The build scripts in the example project allow for running the build, loading the binary to the fpga and launching the python script which plots the results in a single instruction. The command line arguments for the python script gives the com port and the name of the plot.

d:\lscc\diamond\3.13\bin\nt64\pnmainc.exe C:\dev\hVHDL_example_project\ecp5_build\ecp5_compile.tcl ; D:\lscc\diamond\3.13\bin\nt64\pgrcmd.exe -infile C:\dev\diamond_jtag.xcf ; python C:\dev\hVHDL_example_project\test_app.py com7 "Lattice ECP5"

quartus_sh -t C:\dev\hVHDL_example_project\quartus_build\compile_with_quartus.tcl;quartus_pgm -c "Cyclone 10 LP Evaluation Kit [USB-1]" -m jtag -o "p;.\output\top.sof"; python C:\dev\hVHDL_example_project\test_app.py com4 "Cyclone 10lp evm"

start /wait test_with_hw.bat & python test_app.py com14 "titanium evm"

d:\lscc\radiant\2023.2\bin\nt64\pnmainc.exe C:\dev\hVHDL_example_project\radiant_build\radiant_compile.tcl ; D:\lscc\radiant\2023.2\programmer\bin\nt64\pgrcmd.exe -infile C:\dev\build_radiant_jtag.xcf ; python C:\dev\hVHDL_example_project\test_app.py com5 "Lattice NX"

d:\xilinx\Vivado\2023.2\bin\vivado.bat -mode batch -nolog -nojournal -source C:\dev\hVHDL_example_project\alchitry_au_plus\vivado_compile.tcl -tclargs ram ; python C:\dev\hVHDL_example_project\test_app.py com7 "Artix 7"

In order for the oneliner to work with the lattice tools, the .xcf file for the jtag needs to be created using the programmer tool.
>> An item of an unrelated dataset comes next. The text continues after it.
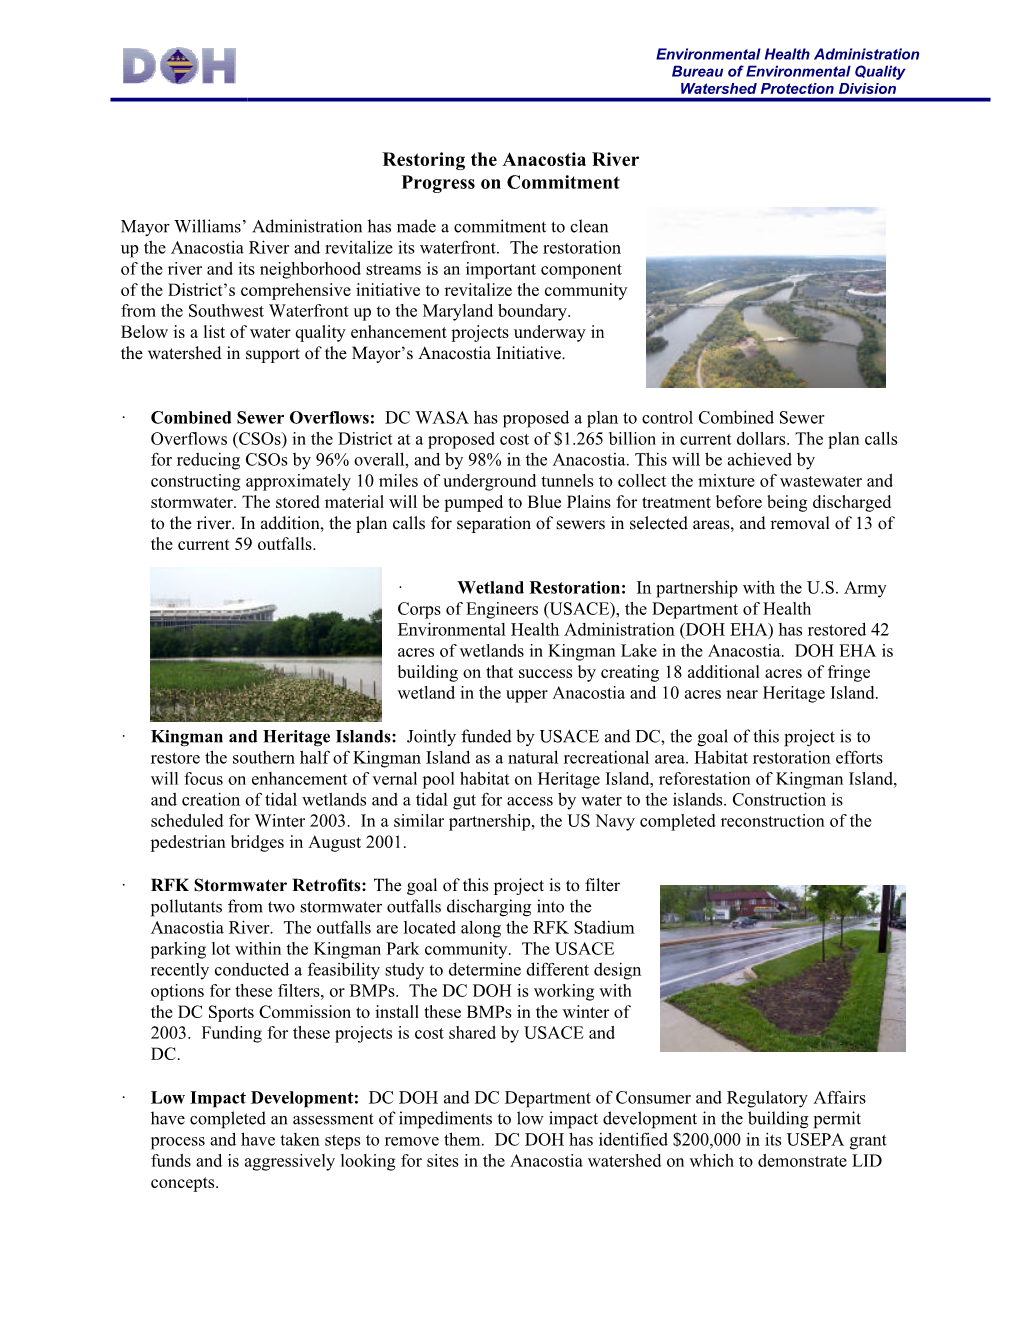 Restoring the Anacostia River Progress on Commitment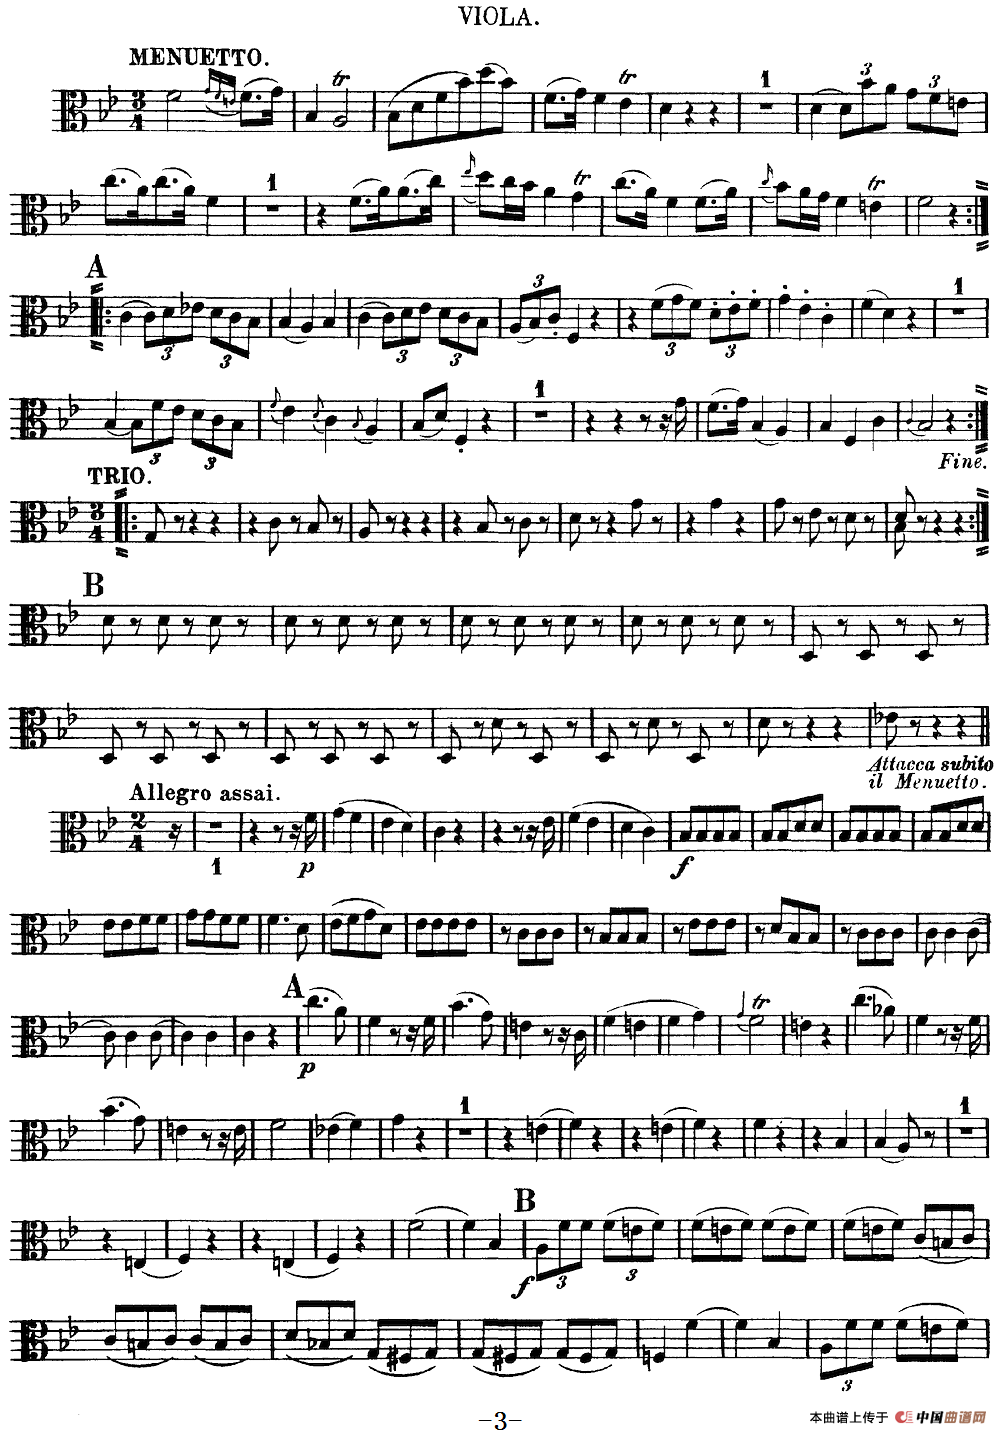 Mozart《Quartet No.12 in Bb Major,K.172》（Viola分谱）

Note that all tools aside from the Cyclone 10lp EVM use ftdi chips for programming and uart.

Running the one liner with each of the evaluation kits produces the plots as shown below.

Hardware configuration

The different FPGAs are running slightly different configurations. All of them are using 24 bit mantissa and 8 bit exponent and we increase the floating point word pipeline depths until they meet the required timing of 120MHz. The different FPGA have separate package files for their own floating point configuration. Note that all other sources are shared so they all are running with the same software and the configuration is propagated through the design.

Resource use for floating point processor with different fpgas

FPGA(vendor)	DSP	LUT(reg)	Memory Block	Pipelines (norm/denorm)
Cyclone 10 lp(Intel)	7(9x9bit)	3514(1331)	4(M9k)	3/3
Artix 7(AMD)	2	1926(1365)	1 bram, 59 dmem	2/2
ECP5(Lattice)	4	3132(1273)	ebr 2, dmem 36	4/3
Certus NX(Lattice)	1	2826(1016)	ebr 2, dmem 11	4/4
Titanium(Efinix)	4	1972(910)	3(10k)	1/1
Trion(Efinix)	4	2570(1432)	6(5k)	3/4

The memory use differs a bit in the fpgas due to the 2 read port and 1 write port configuration. Lattice and AMD FPGAs have distributed memory which is also used for the processor ram. The logic use is also not directly comparable as the pipeline depths are different. All of them meet timing and hence produce exactly the same result though the latency of the calculation is different.

Much of the code is still in initial testing phase and the processor repository will require some refactoring to make it easier to navigate. There are some basic control functions still missing from our processor design, like branching and jump commands a function call as well as stalling the pipeline operation. The structure of the floating point alu is also far from optimal which means that the performance and logic area can be made substantially better. These functionalities might be topics in future blog posts.